- _Exercise brief_
Repeat the data that follows in full. Do not include the pictures.

- _Available data_
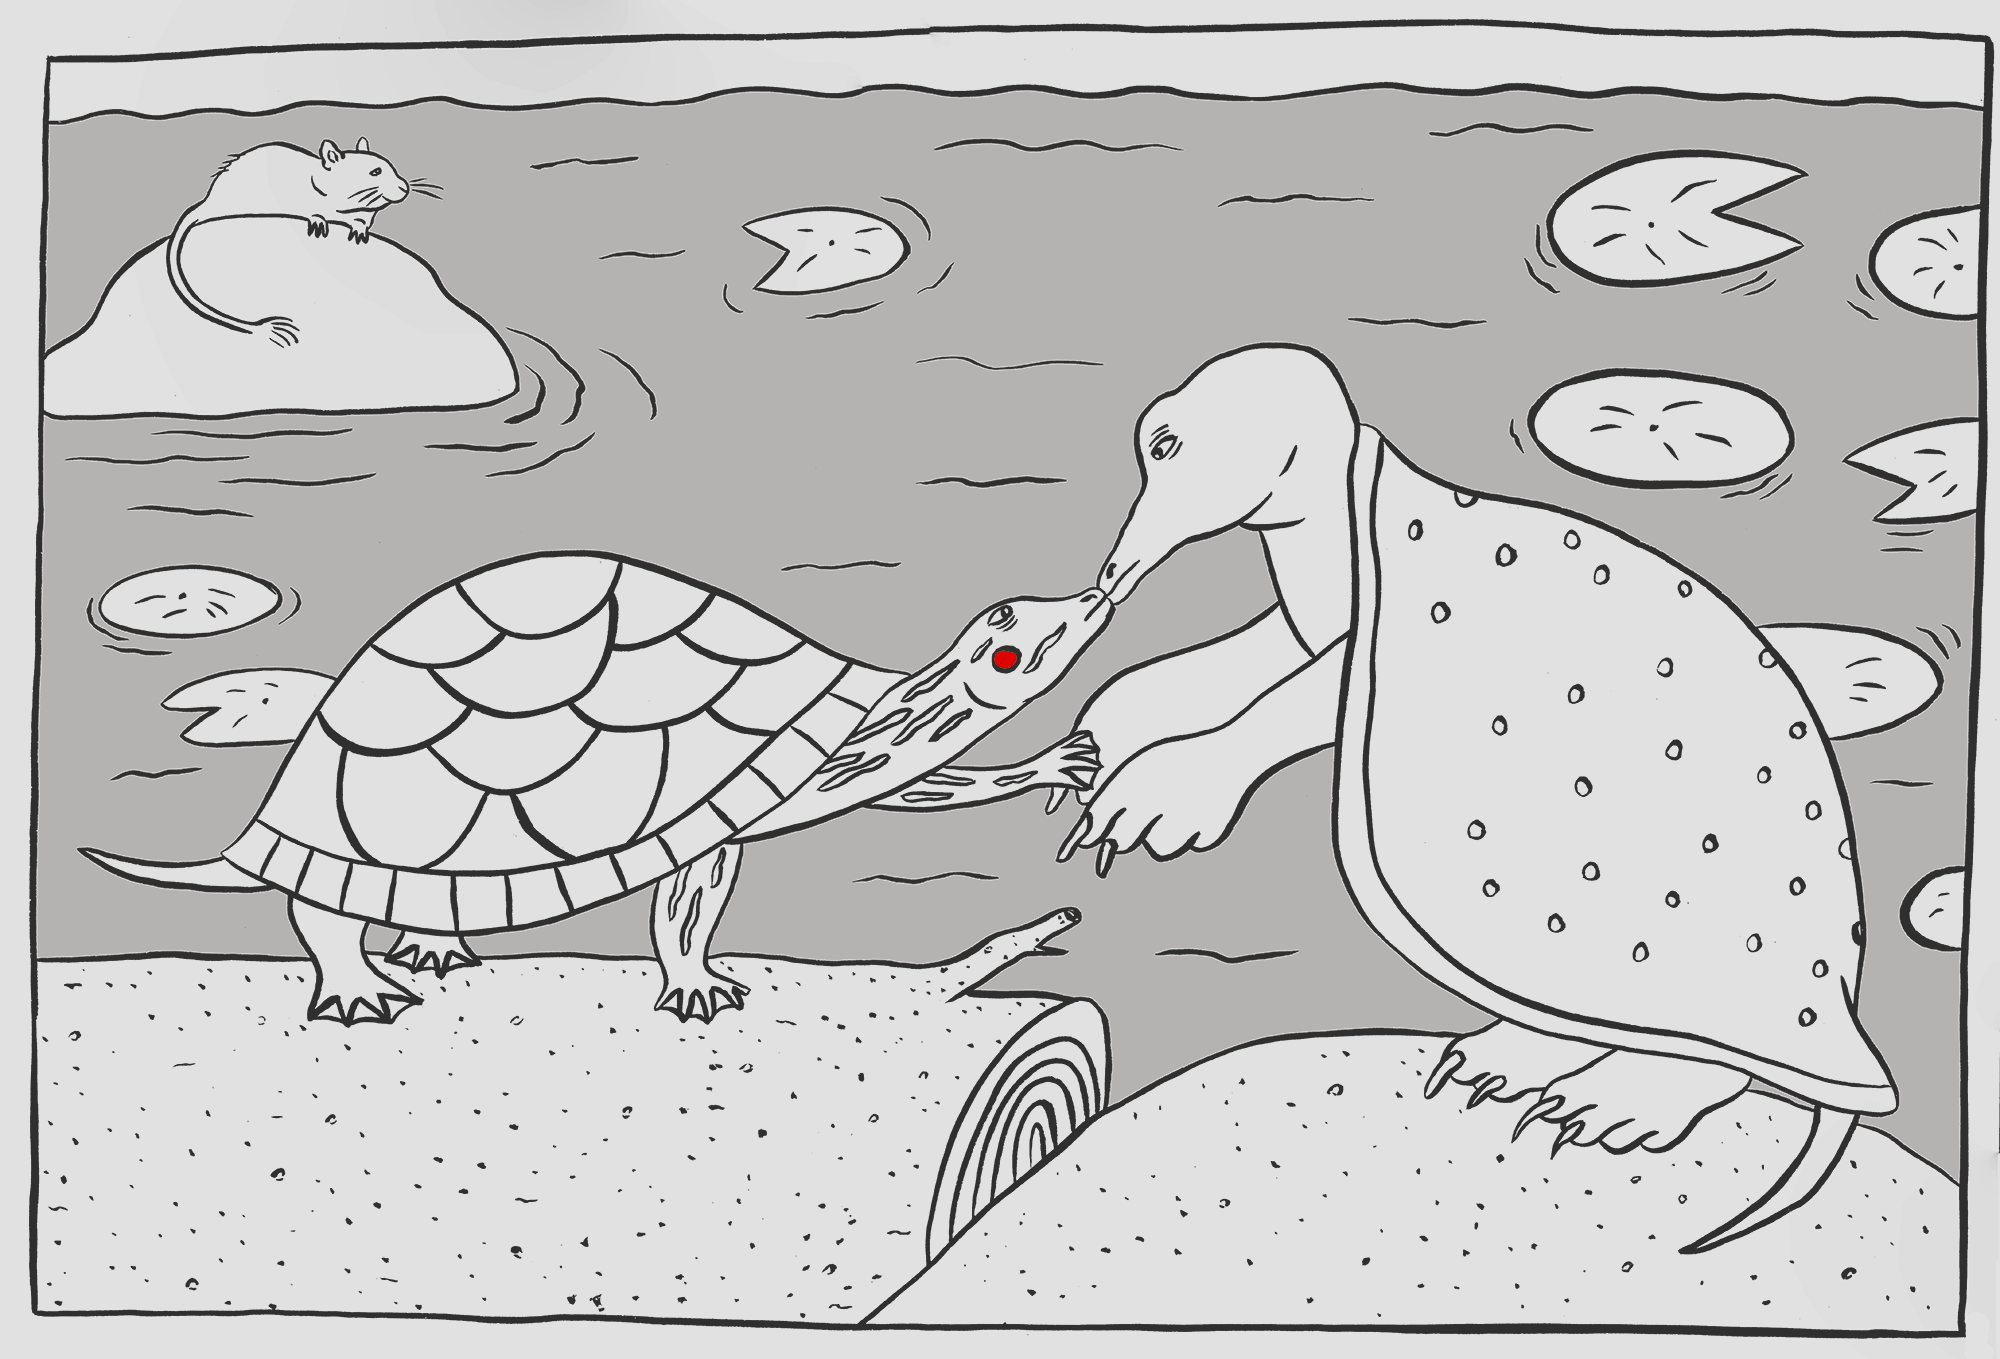 My Cartoon Turtles Say What I Feel image picture
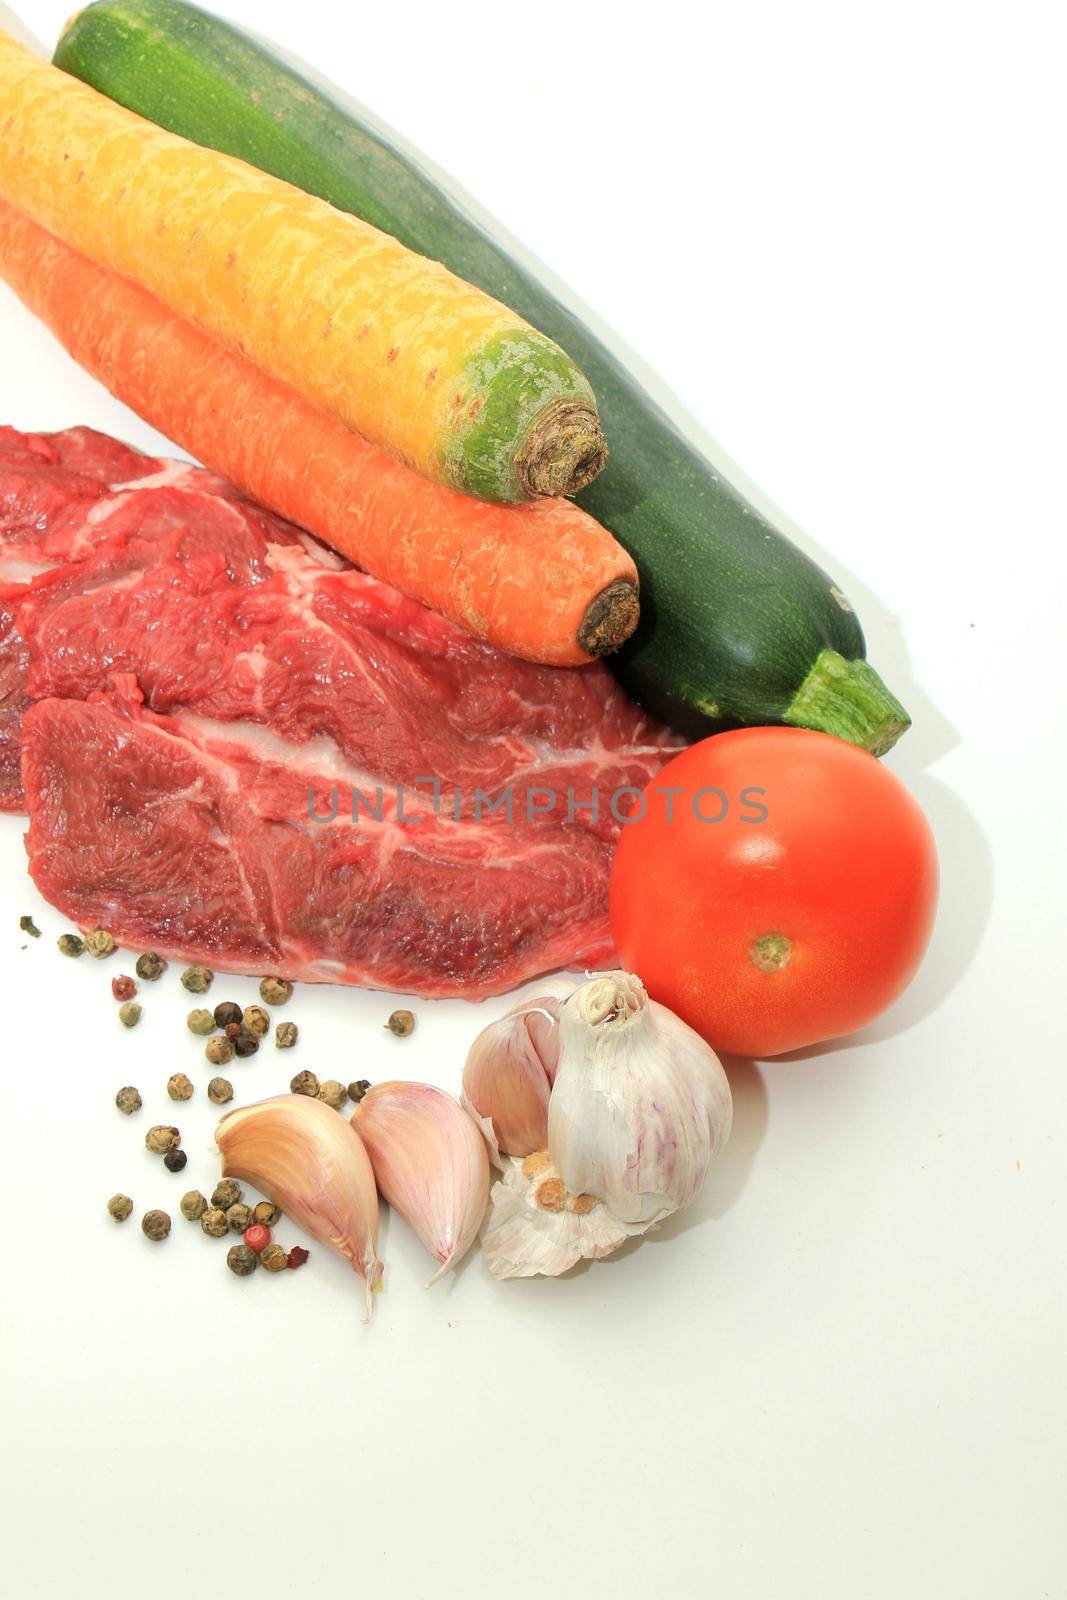 Raw beef, a zucchini or courgette, some garlic, carrot and a tomato
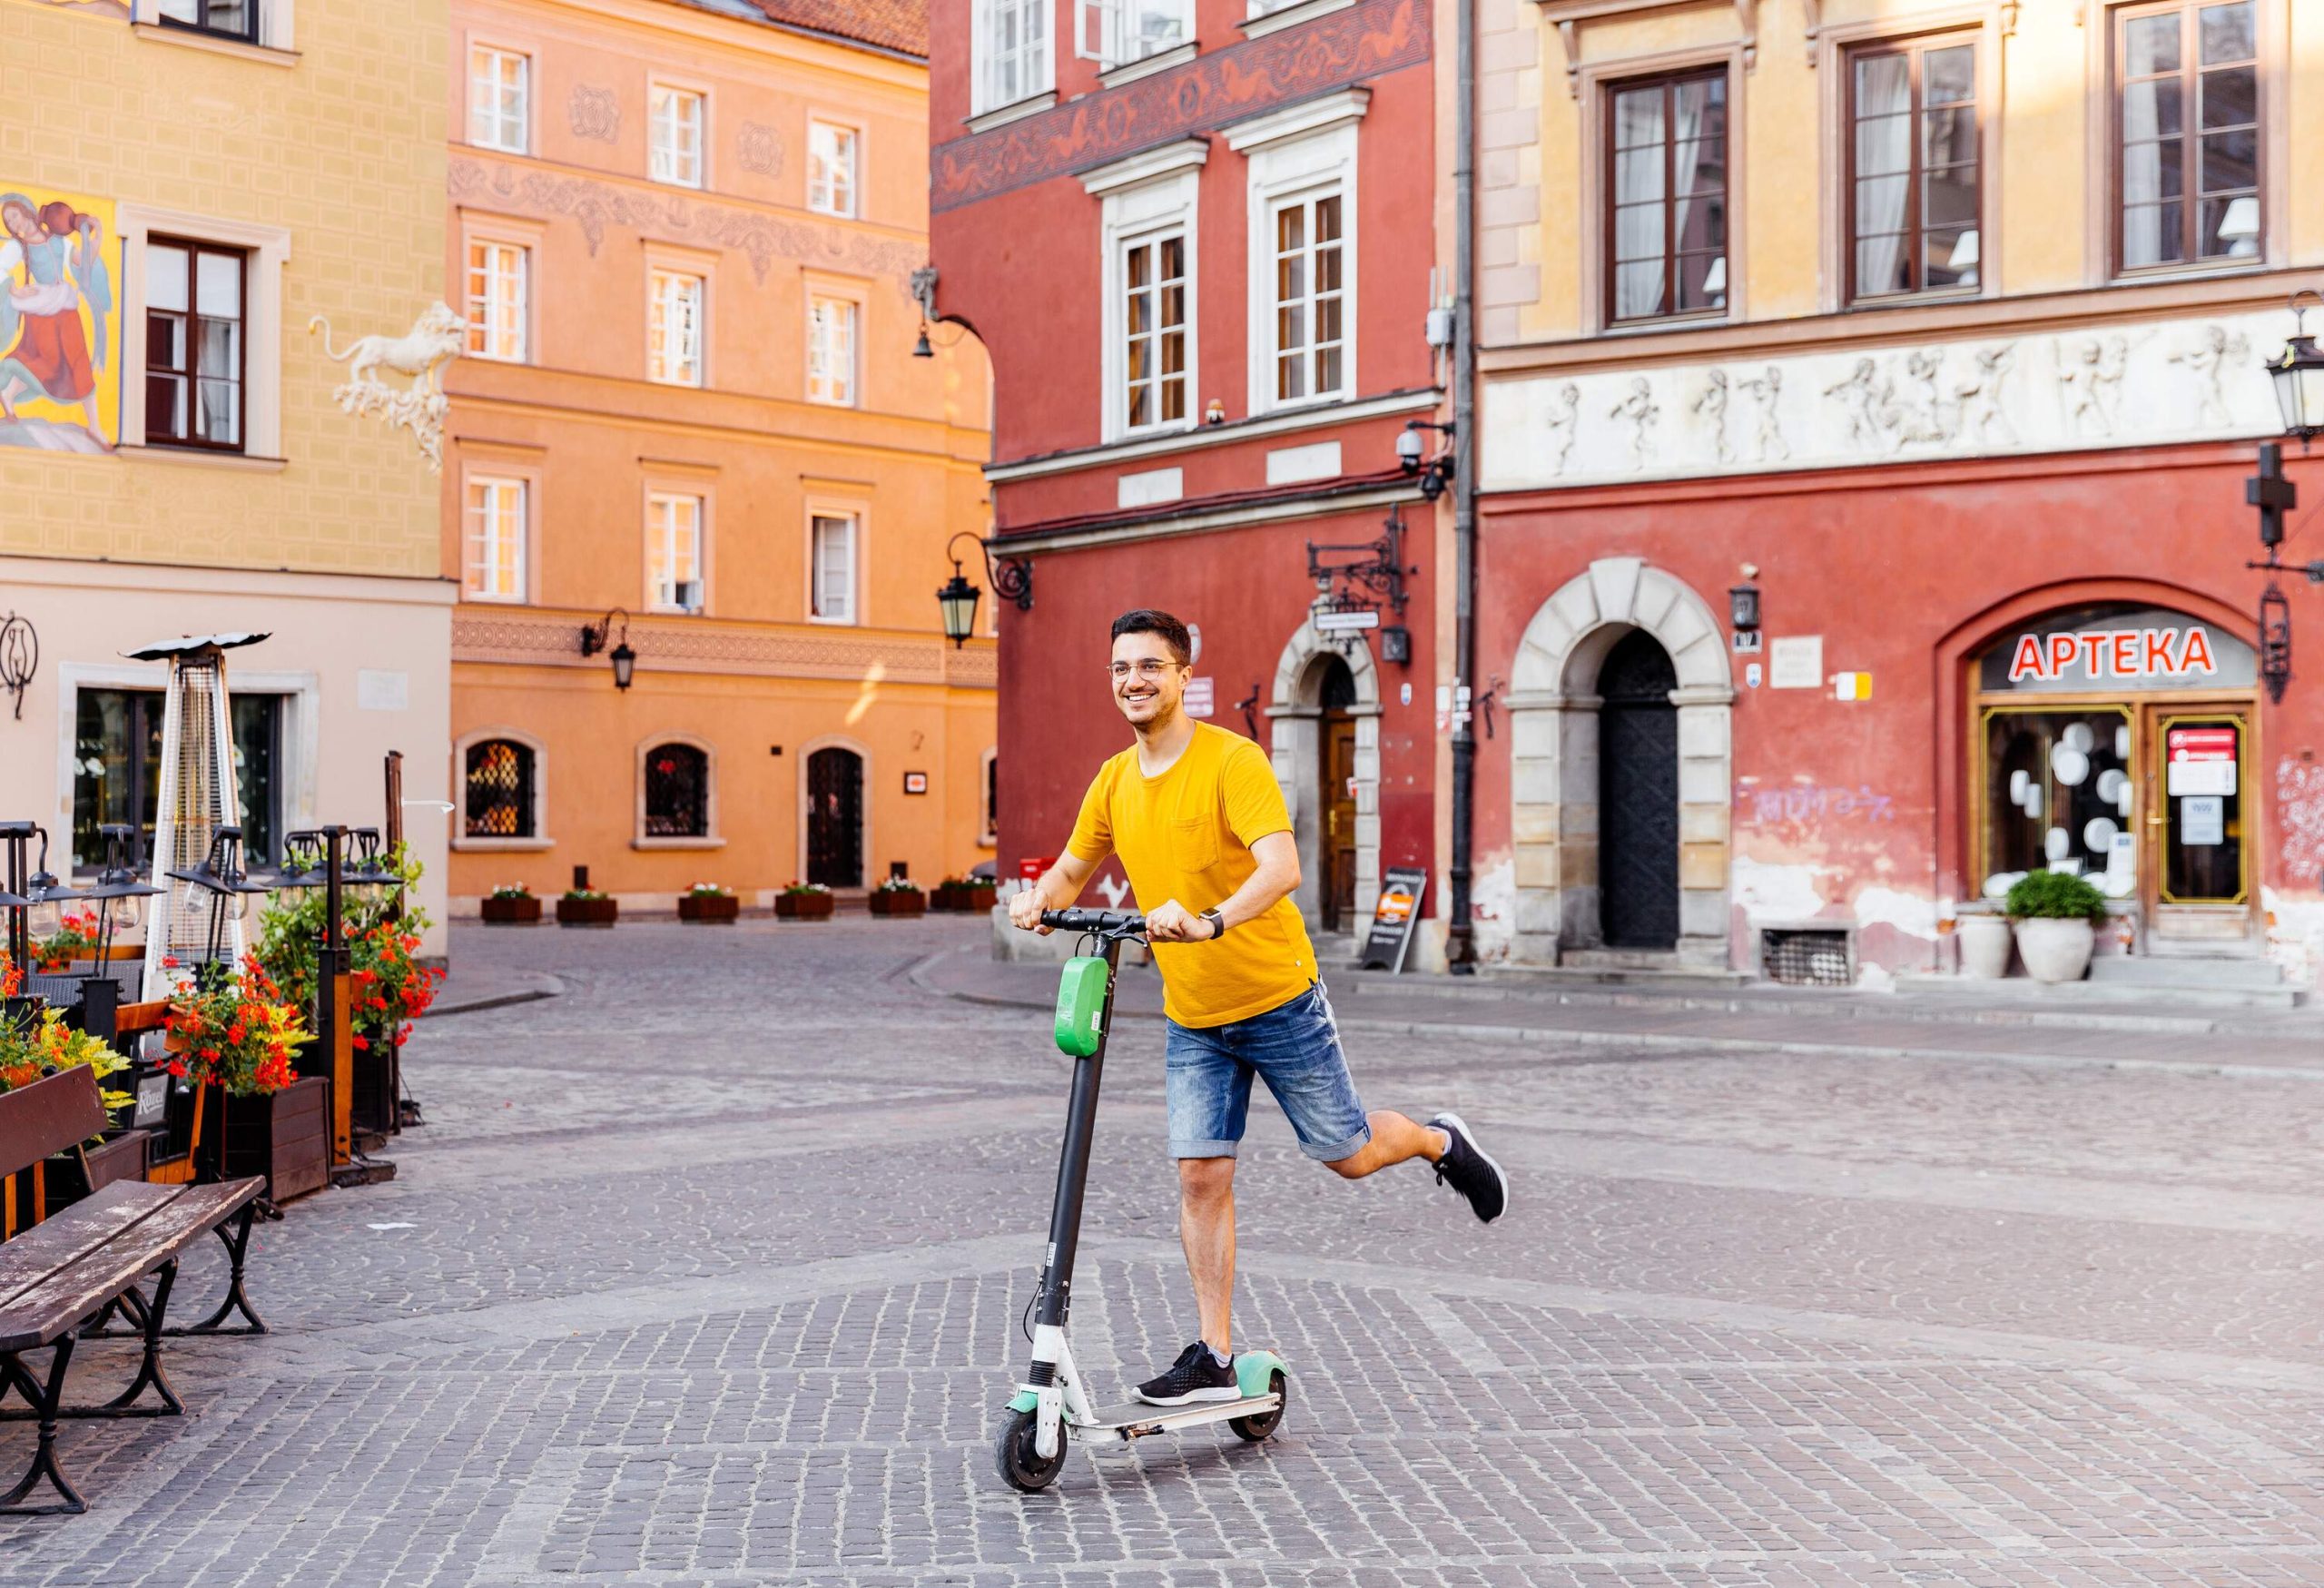 A man rides a scooter in a cobbled square along colourful buildings.

- _Exercise result_
 My Cartoon Turtles Say What I Feel image picture
 Raw beef, a zucchini or courgette, some garlic, carrot and a tomato
 A man rides a scooter in a cobbled square along colourful buildings.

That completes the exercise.